** Opening Dataset excerpts block **
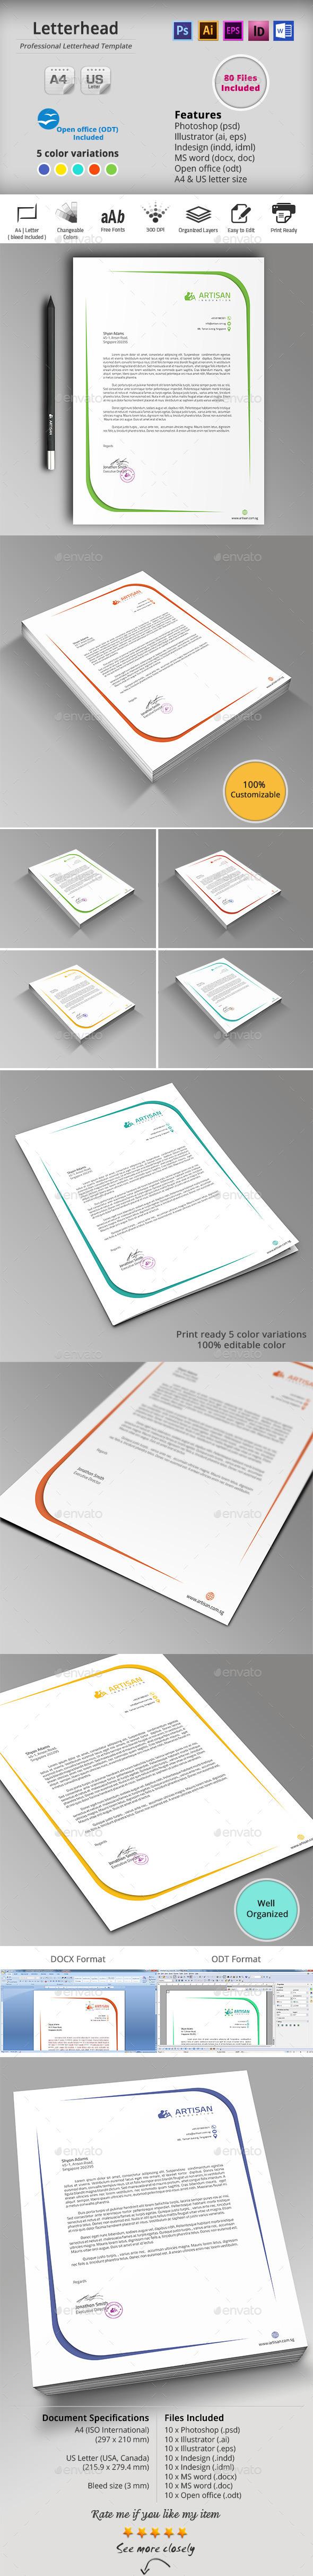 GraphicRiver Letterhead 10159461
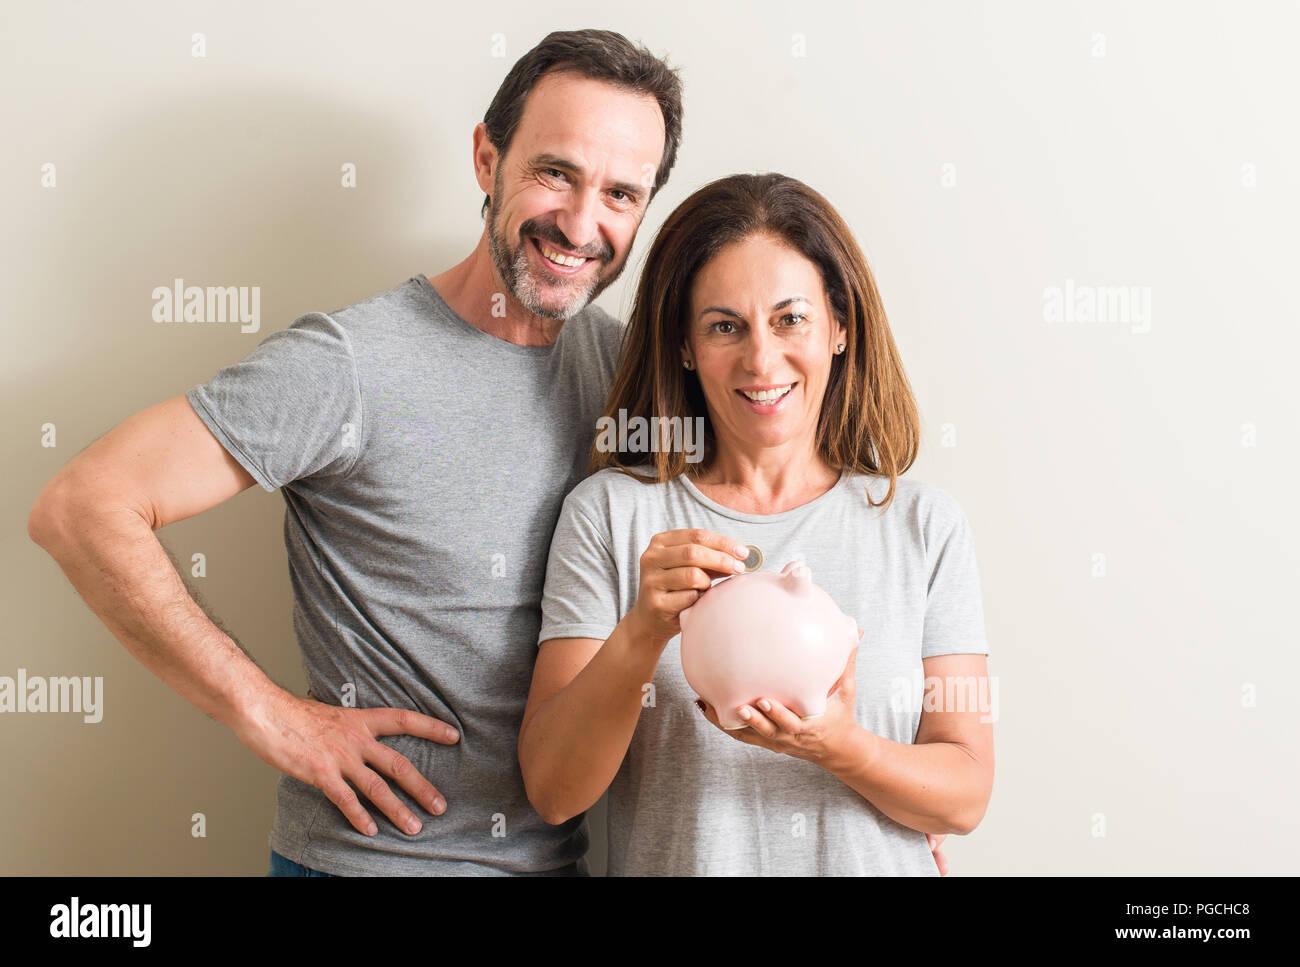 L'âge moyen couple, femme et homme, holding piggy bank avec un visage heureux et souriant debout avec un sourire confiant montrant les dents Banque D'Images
** Closing Dataset excerpts block **
** Opening Dataset excerpts block **
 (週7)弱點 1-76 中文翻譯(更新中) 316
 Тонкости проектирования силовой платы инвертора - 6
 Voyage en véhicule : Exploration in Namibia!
** Closing Dataset excerpts block **
** Opening Dataset excerpts block **
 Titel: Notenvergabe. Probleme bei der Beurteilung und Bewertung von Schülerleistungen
** Closing Dataset excerpts block **
- What needs to be done -
Look above for the line with "GraphicRiver Letterhead 10159461" and the line with "L'âge moyen couple, femme"; set down those two lines and all lines between them exactly, without pictures and without anything else.

- Response to this task -
 GraphicRiver Letterhead 10159461
 L'âge moyen couple, femme et homme, holding piggy bank avec un visage heureux et souriant debout avec un sourire confiant montrant les dents Banque D'Images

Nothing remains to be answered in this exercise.